Contact Mindstream Media Group to see how we can Fast-Forward Your Business.

Technical SEO Strategies to Boost Your Ranking in Smart Speaker Searches

This is the third post in our series detailing how brands can connect with smart speaker users. If you haven’t already, check out Part 1 of the series for an introduction to smart speakers and voice search, and Part 2 to learn how brands can use content marketing to reach voice searchers.

Voice search results, especially those conducted on smart speakers, are extremely competitive. Unlike mobile or desktop results, voice searches on smart speakers only serve up one result – i.e., “Position Zero.” To paraphrase the great Ricky Bobby: for smart speaker searches, “if you ain’t first, you’re last.”

In this winner-takes-all playing field, your brand needs to be on top of your SEO game if you want to reach smart speaker users. It’s not enough to be good, your site’s SEO and content have to be the best.

Luckily, if you’ve already started implementing desktop and mobile SEO best practices, you’re off to a great start. According to a study from Backlinko on Google Home search ranking factors, three-fourths of voice search results ranked in the top three positions in desktop searches. This correlation suggests optimizing your site for voice search doesn’t require a completely new SEO strategy; it just means taking your existing one to a new level.
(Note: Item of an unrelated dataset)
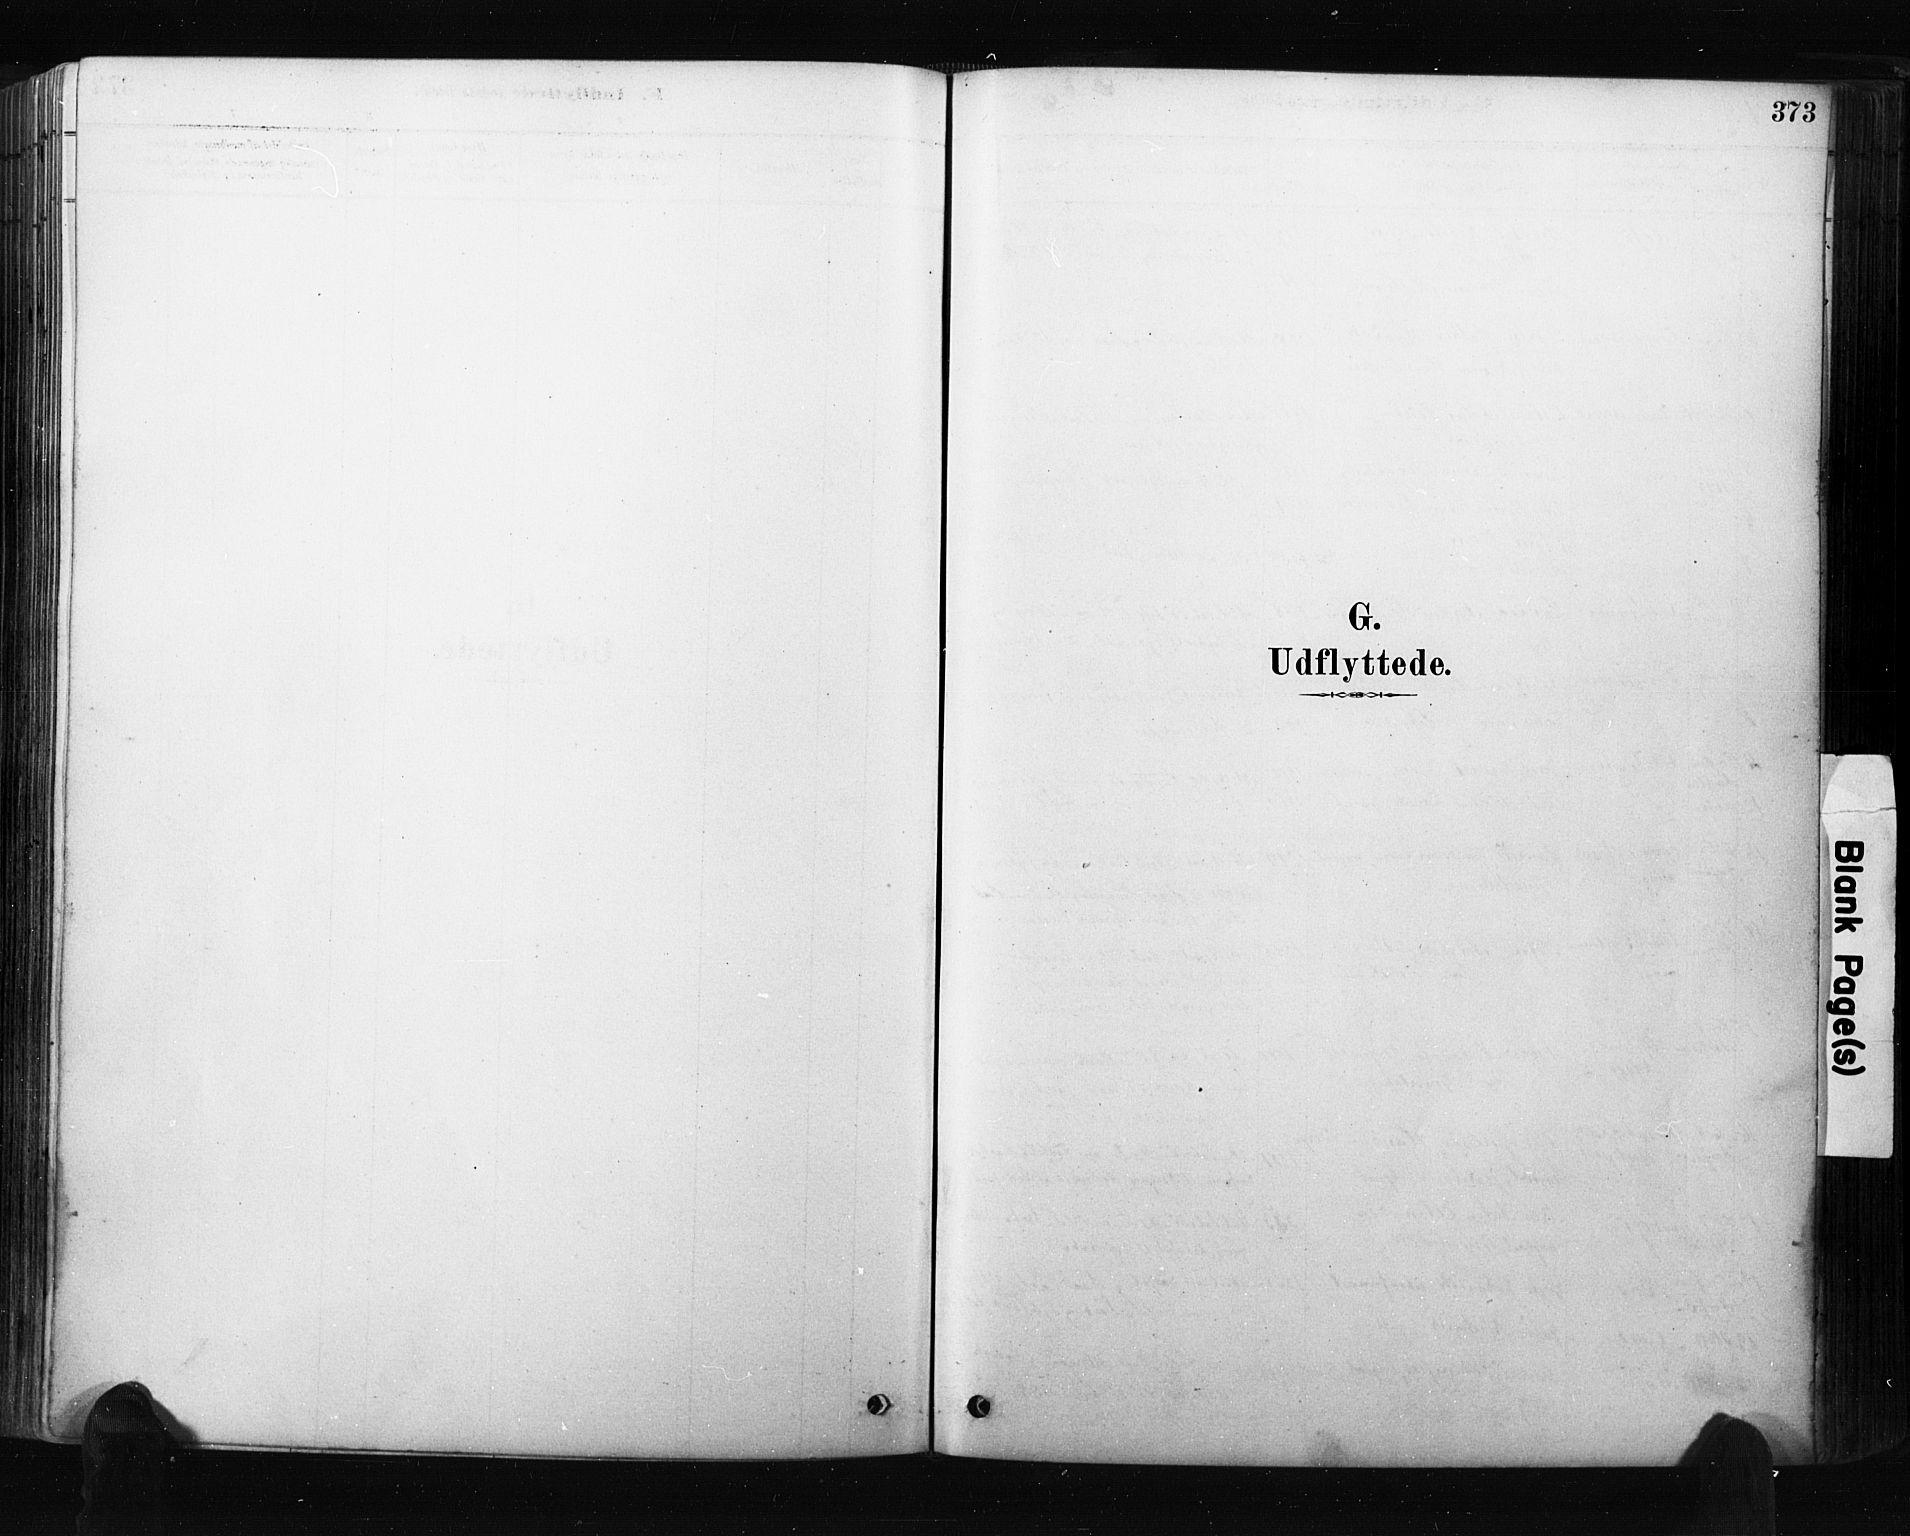 SAO, Råde prestekontor kirkebøker, F/Fa/L0007: Ministerialbok nr. 7, 1878-1902, s. 373

Related: Ranking Factors in Google Home Results

To help you in this endeavor, here are five technical SEO strategies you can implement (or improve upon) to increase your website’s ranking in voice search results on smart speakers.

No. 1: Improve your backlink profile

The quality and quantity of a site’s backlinks (incoming links from other sites) are major ranking factors for Google’s desktop and mobile search results. To evaluate the strength of backlink profiles, Ahrefs developed the Domain Authority metric to determine the likelihood of a website ranking well in search results based on links.

Backlinko looked at the domain authority of sites appearing in Google Home results and “discovered that the average Domain Authority of a voice search result was 76.8. Needless to say to anyone that works in the SEO industry, this is a considerably high DR.”

Average Domain Authority of Google Home search results

Average domain rating of voice search result page

What you can do to improve your backlink profile

Here’s the good news: there’s no shortage of ways to increase the quality and quantity of backlinks to your site. The bad news: the most effective ways are all time-consuming. Since backlinks are such an important ranking factor across search results, it’s not something you can ignore.

Here are some tips to start improving your backlink profile:

  • Publish great content that other sites find valuable and want to link to. This could include guides, infographics, information-rich blog posts, etc.
  • Create content for other sites that link back to your site. There are a lot of reputable publishers with high authority domains that allow blog contributors. Identify these sites and start reaching out to see if they’ll let you contribute. Make sure to link back to your site but don’t force it, these should be natural links the site’s readers find valuable.
  • Clean up your existing links. Low-quality or spammy links do more damage than good for your site. These could include links from website comment sections, links with over-optimized anchor text, links from countries that are outside your audience base, etc.
  • Hire a pro. If you don’t have the time or someone with a strong SEO background on your team, it may be best to outsource this work (especially the backlink cleanup).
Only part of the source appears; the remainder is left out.